(Source data Opens)

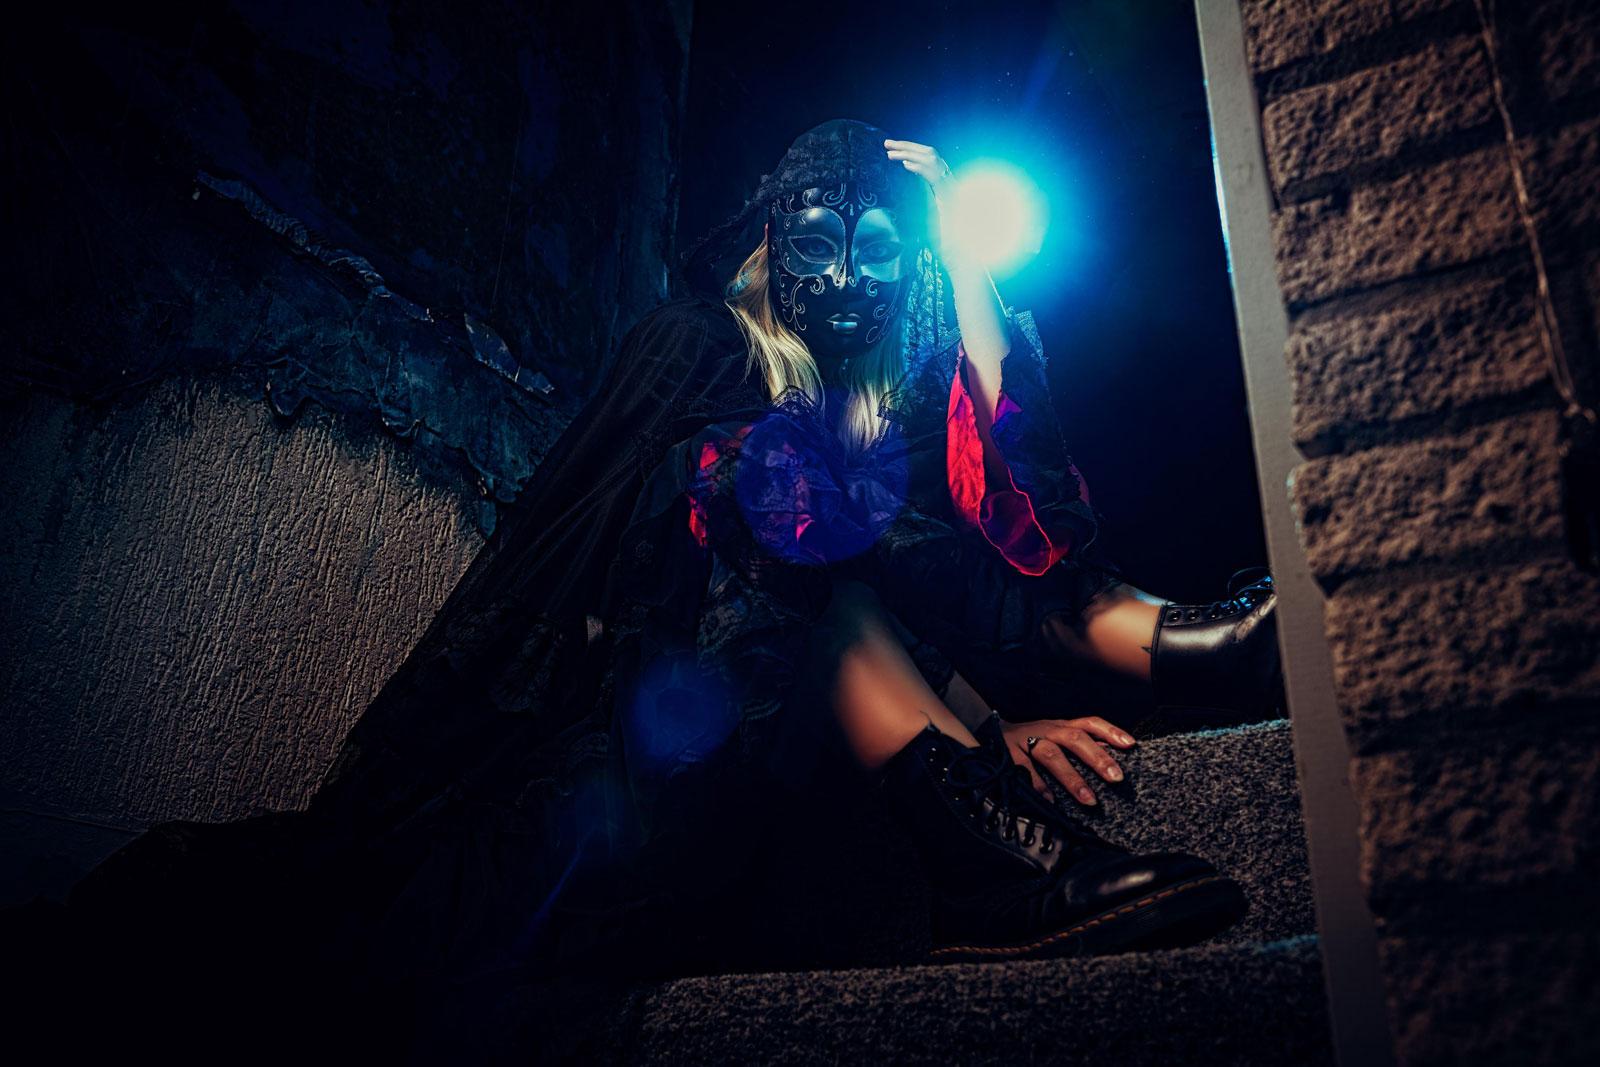 foto: © Frank Doorhof - vrouw met masker op trap bij gebouw
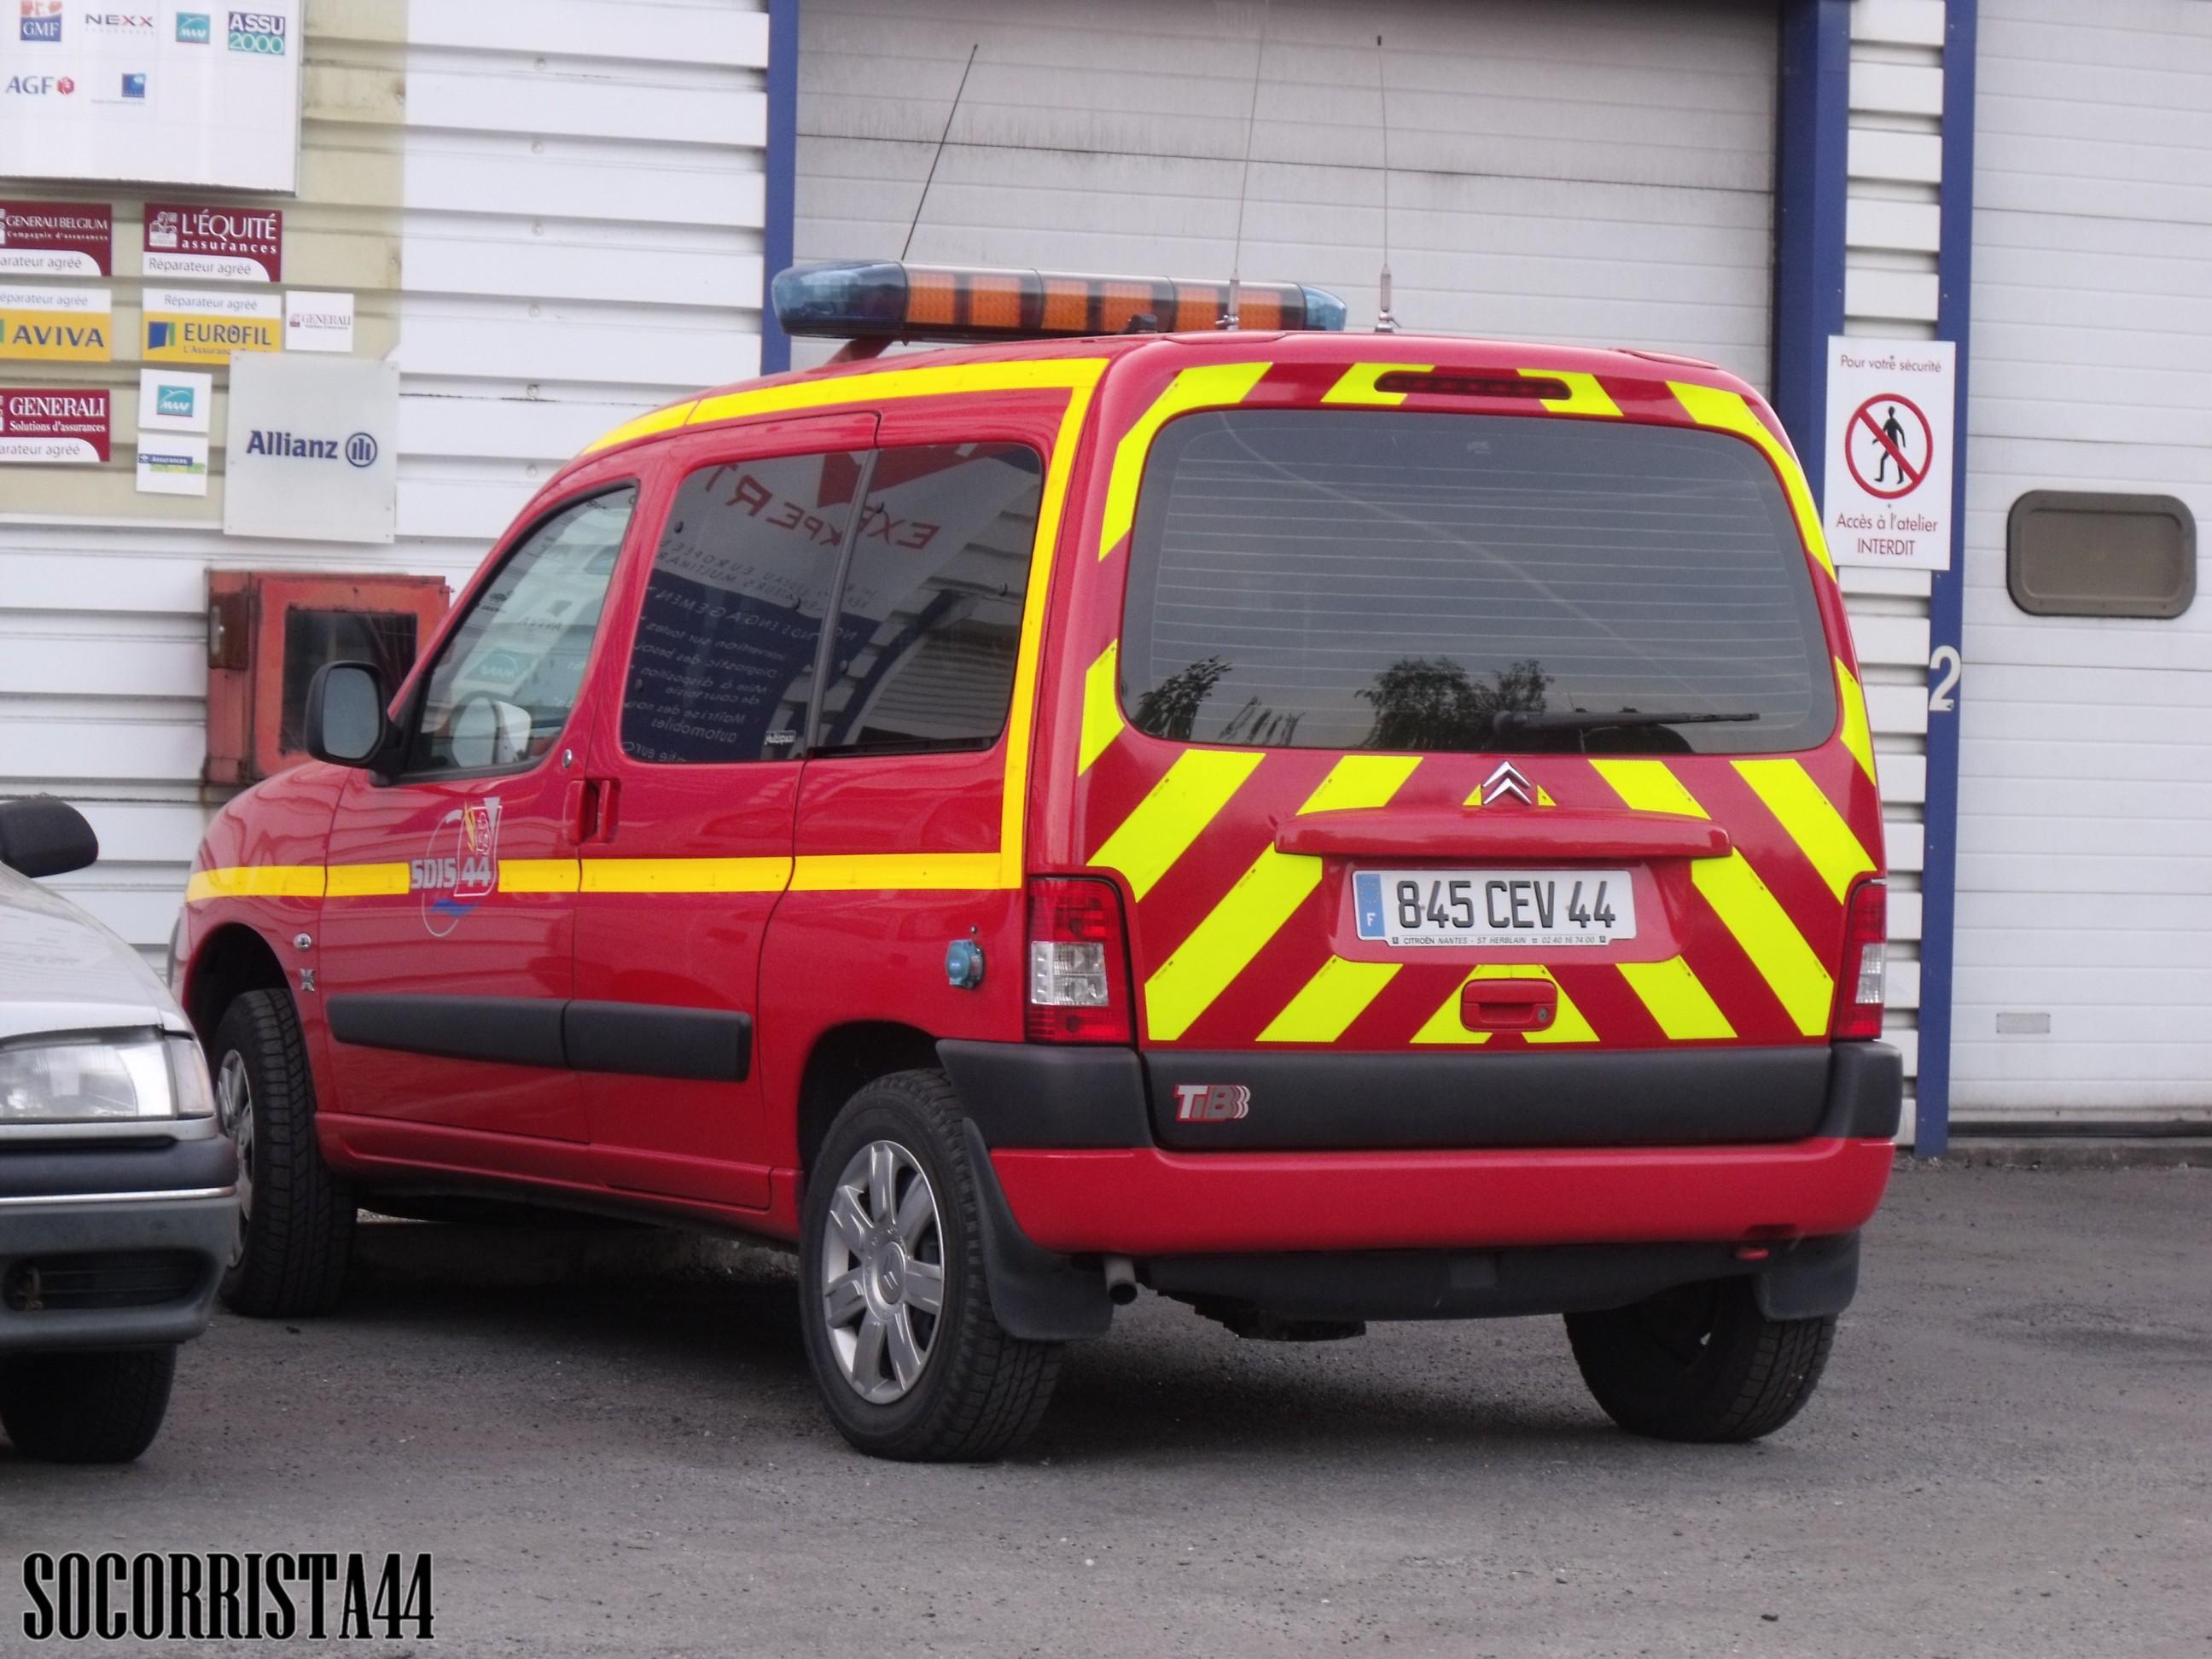 V hicules des pompiers fran ais page 771 auto titre for Garage auto fresnes
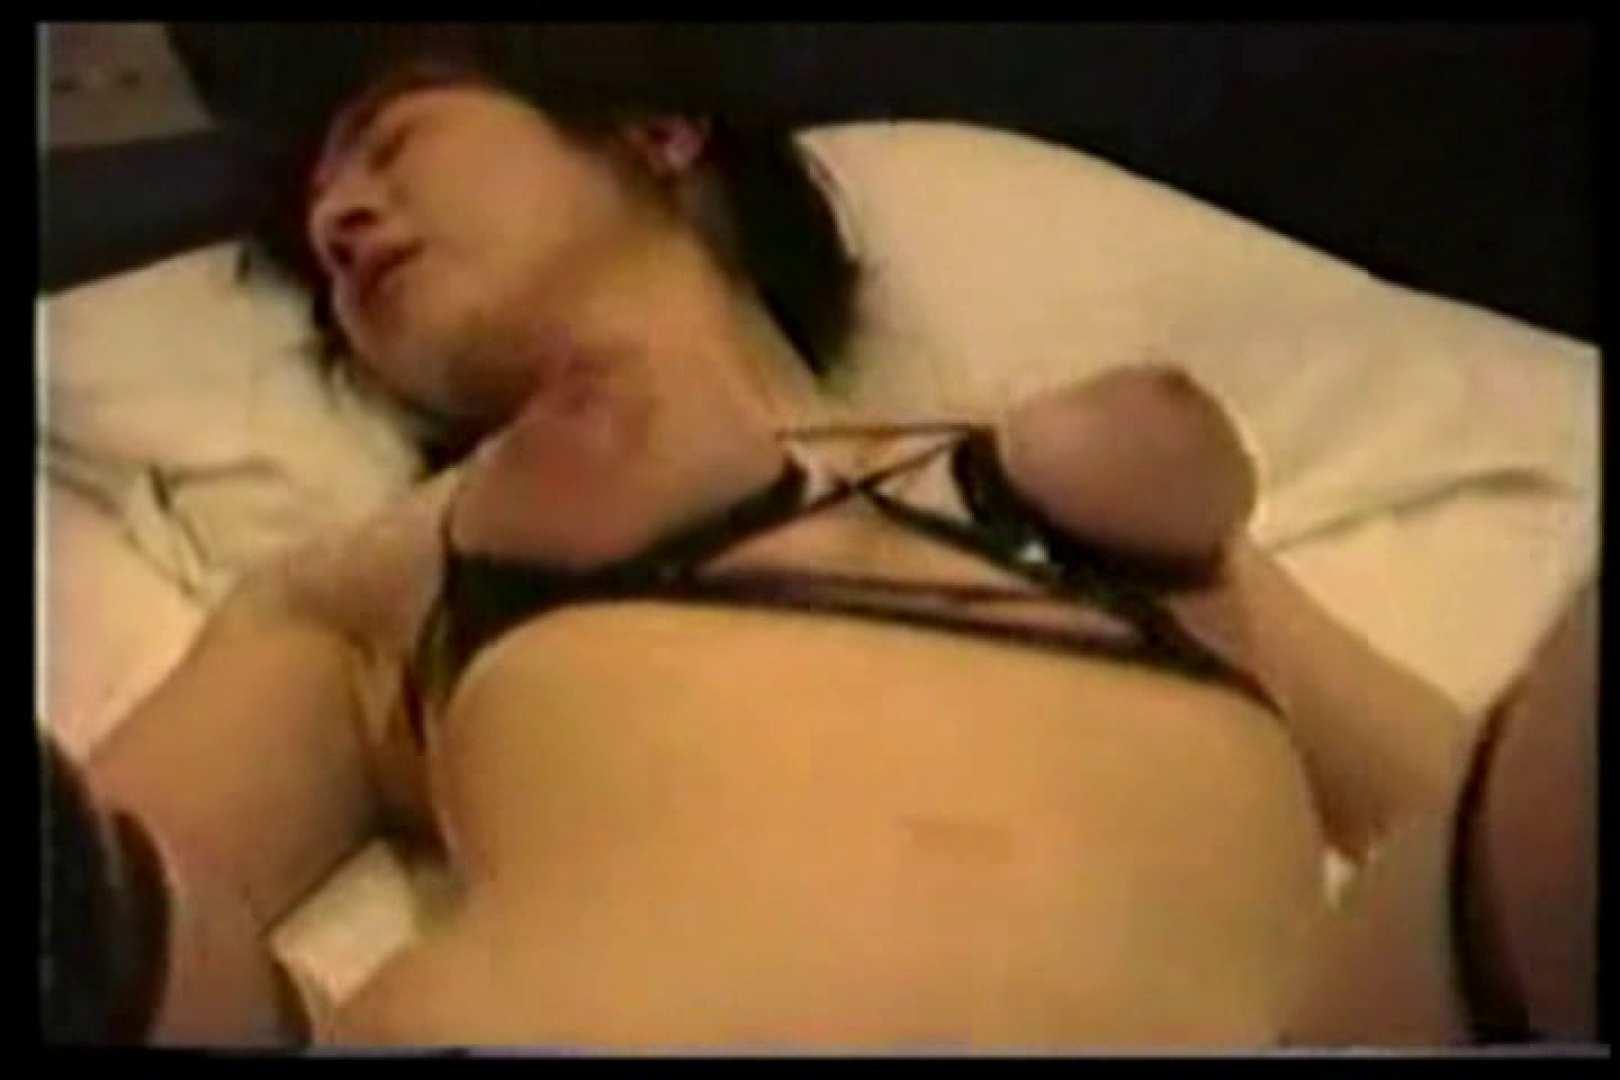 続・某掲示板に投稿された素人女性たちvol.13 OL裸体 | 一般投稿  84画像 42

(Source data Closes)

* [Work task]: In your answer, give every line of the listing above exactly, and do not include the images.

* [Solved problem]:
 foto: © Frank Doorhof - vrouw met masker op trap bij gebouw
 V hicules des pompiers fran ais page 771 auto titre for Garage auto fresnes
 続・某掲示板に投稿された素人女性たちvol.13 OL裸体 | 一般投稿  84画像 42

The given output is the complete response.